AI software lifecycle stages
The research topic features manuscripts that contribute insights related to all four AI software lifecycle stages (problem definition and solution procurement, development and adaptation, technical and clinical integration, and lifecycle management). Two manuscripts describe programs that span all lifecycle stages, including the implementation of an AI quality management system at University Medical Center in Ultrecht, Netherlands and an AI organizational governance process at University of Wisconsin in Madison, USA. Two manuscripts present different frameworks for AI solution development, technical and clinical integration, and lifecycle management. A team from The Hospital for Sick Children in Toronto, Canada presents an approach that adopts language from systems engineering, while a team from University College London in the UK presents an approach that adopts language from therapeutics development (Assadi et al.). Two manuscripts present case studies focused on technical and clinical integration, including an adult deterioration model integrated at St. Michael's Hospital in Toronto, Canada, and a falls risk model integrated at University of Wisconsin in Madison, USA (Pou-Prom et al.). Lastly, three manuscripts present best practices related to specific lifecycle stages. A team from The Hospital for Sick Children in Toronto, Canada describes the use of AI software silent trials during technical integration (Kwong et al.), a team from Stanford Health Care in Palo Alto, USA describes reliability and fairness audits during lifecycle management (Lu et al.), and a team from Vanderbilt Health describes AI solution monitoring and updating during lifecycle management (Davis et al.).
Team composition
In some ways, the research topic authorship teams are similar. All manuscripts feature interdisciplinary teams at academic health centers and graduate students and clinical trainees made significant contributions as co-authors. All manuscripts include clinical and technical expert co-authors. And lastly, all manuscripts build on prior work from authorship teams who have previously published AI solution validation studies.

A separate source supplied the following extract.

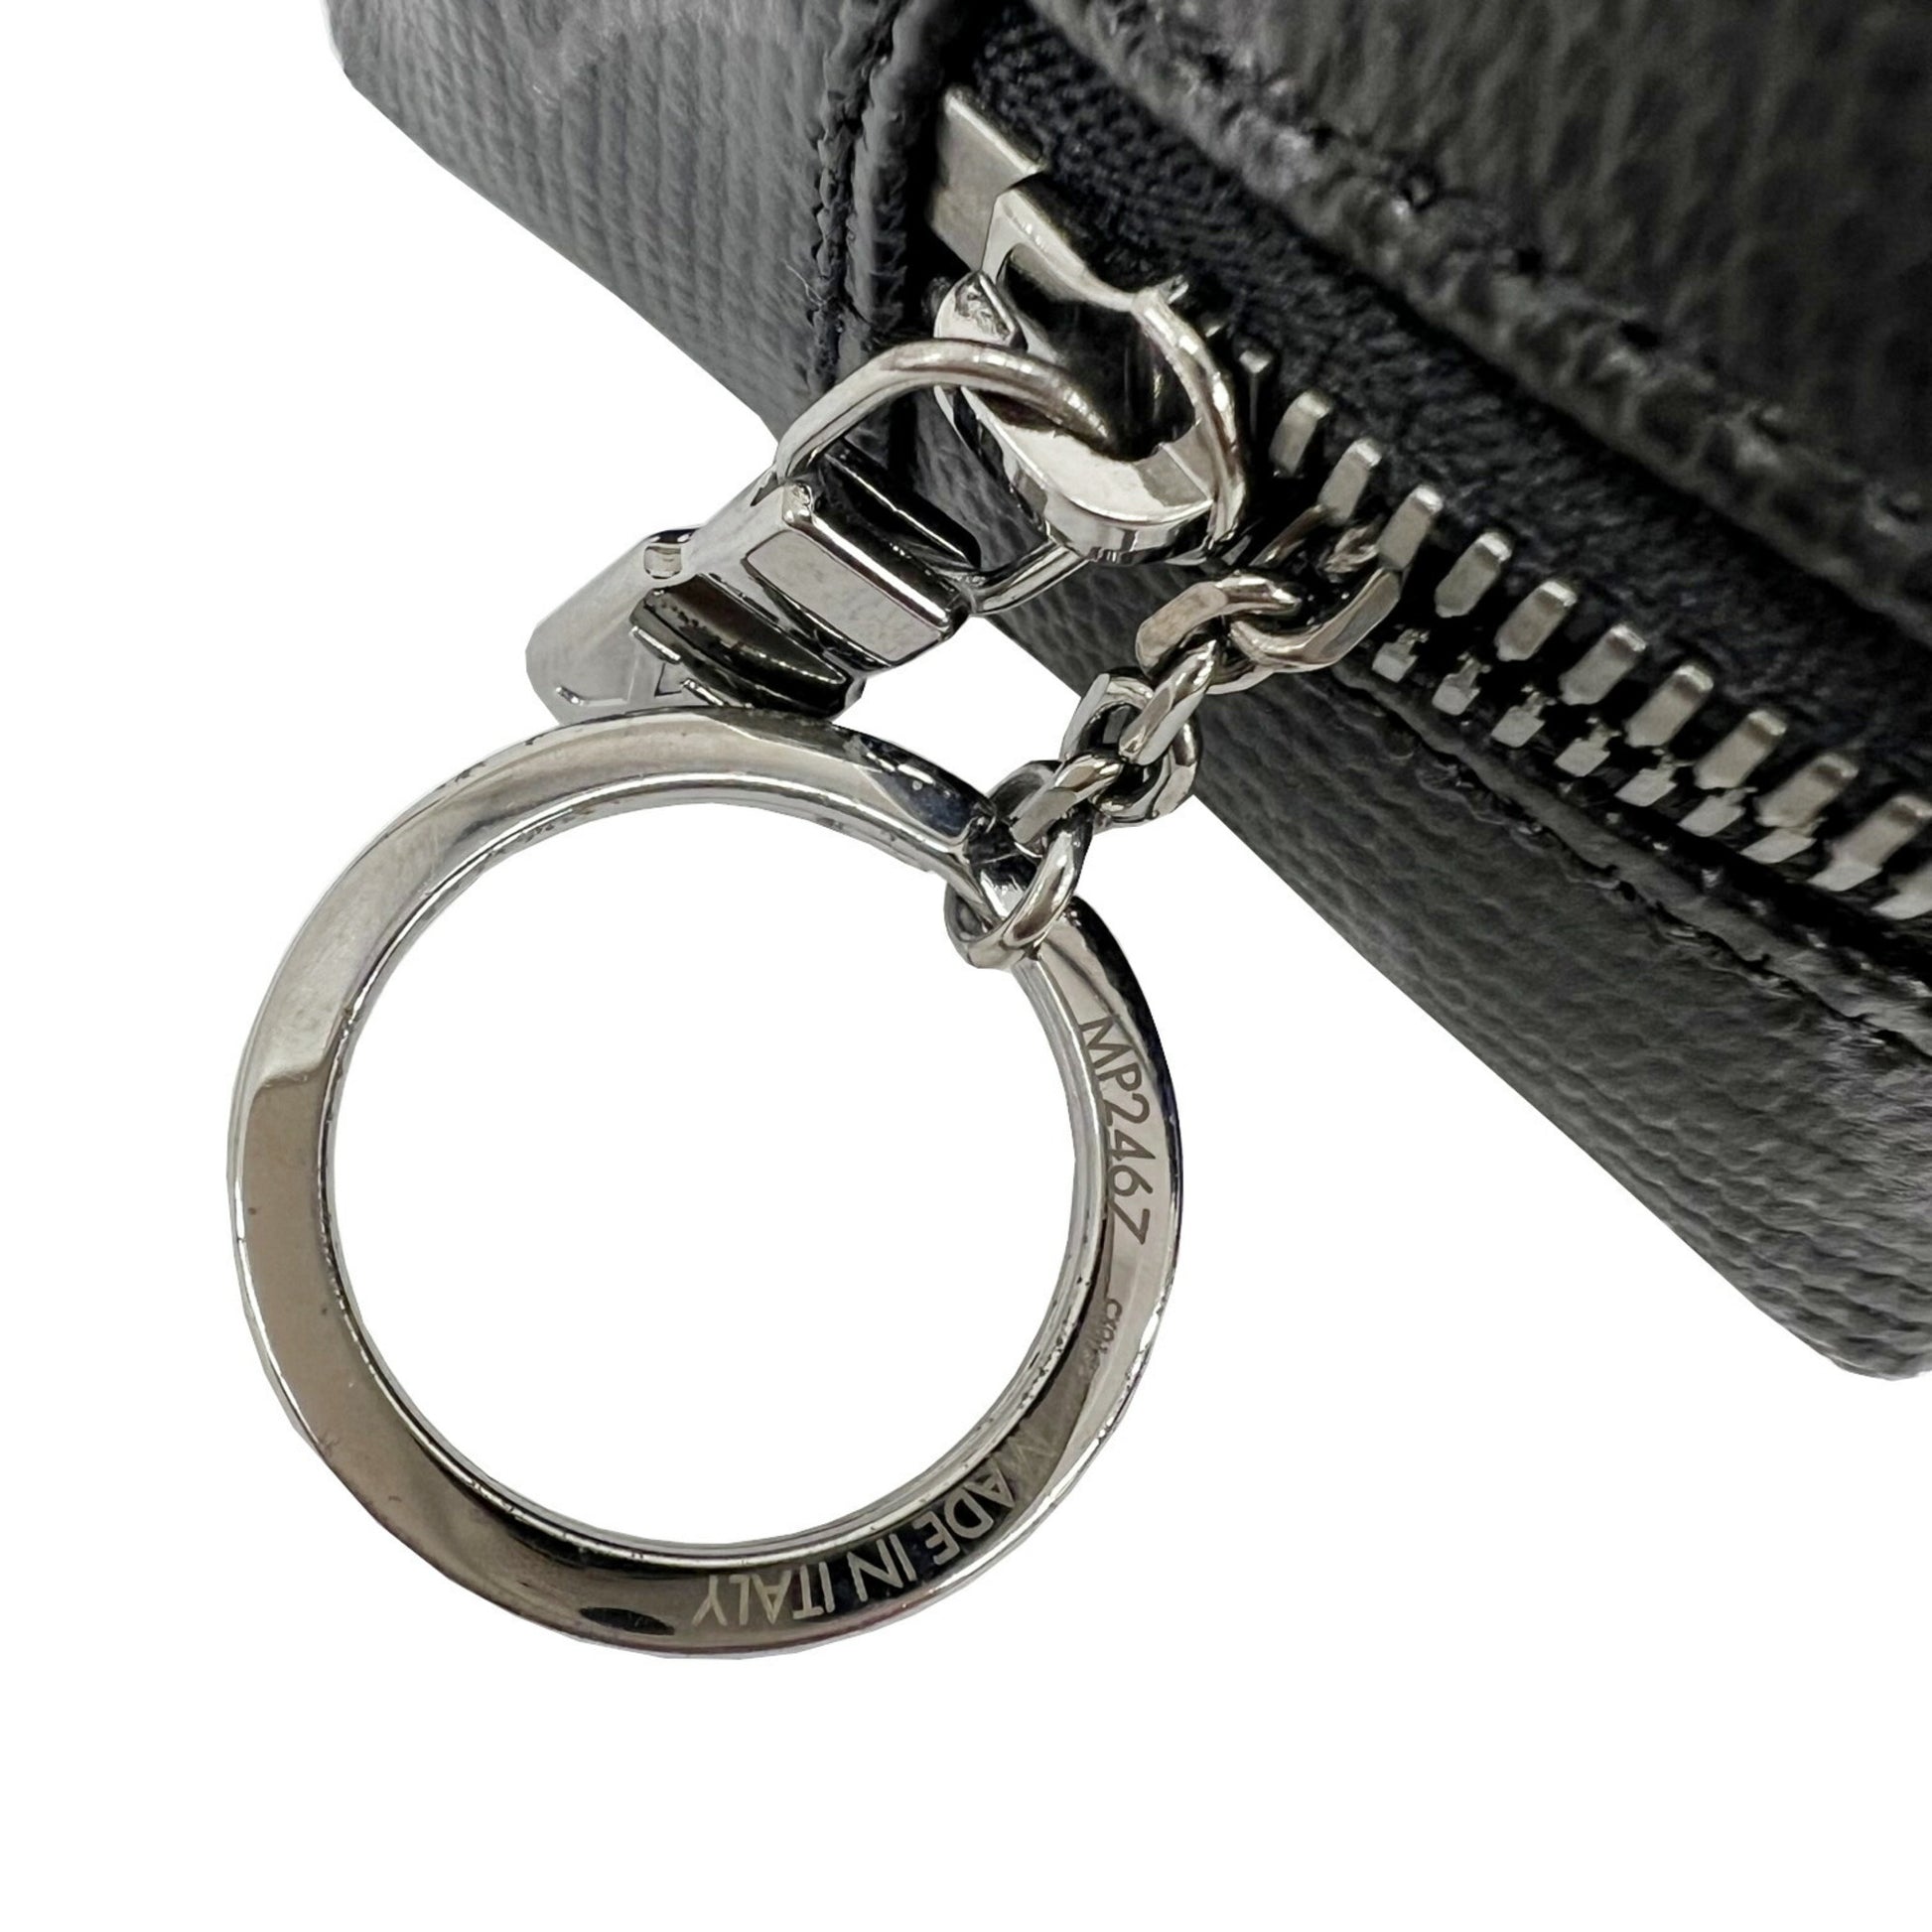 Louis Vuitton LOUIS VUITTON Bijoux Sack Square Pouch MP2467 Shiny Monogram  Eclipse Rainbow Key Ring Bag Charm Belt Waist Men's | eLADY Globazone

In other ways, the research topic authorship teams are heterogeneous. The smallest teams were a group of three clinicians and informaticians at Vanderbilt Health who describe AI software monitoring and updating challenges and a group of four engineers, public health experts, and clinicians who describe the AI software organizational governance model at University of Wisconsin. The largest team was a group of twenty-seven engineers, bioinformaticians, managers, public health experts, biological science experts, and clinicians who conducted fairness and robustness audits of multiple models at Stanford Health Care. All teams included experts with formal training in at least three of the disciplines listed in Table 1 and two teams included experts with formal training in six disciplines. Among the 73 authors who contributed to the research topic, two perspectives were unique. There was a single AI ethics expert from The Hospital for Sick Children in Toronto, Canada and there was a senior data scientist at University Medical Center in Utrecht, Netherlands who is also a clinical microbiologist who has implemented and audited laboratory quality management systems.
Discussion
The research topic “Surfacing Best Practices for AI Software Development and Integration in Healthcare” features a remarkably diverse set of insights and learnings from teams around the globe integrating and using AI software into practice (12). Throughout the research topic, teams consistently describe responses to unexpected challenges encountered in the transition from conducting AI software research to translating a technology into practice. The success of AI in healthcare hinges on the ability to adapt and transition from research into routine clinical practice. Sharing challenges, failures and describing promising approaches that were implemented in real-world settings can inform teams around the globe looking to advance the use of AI software in healthcare.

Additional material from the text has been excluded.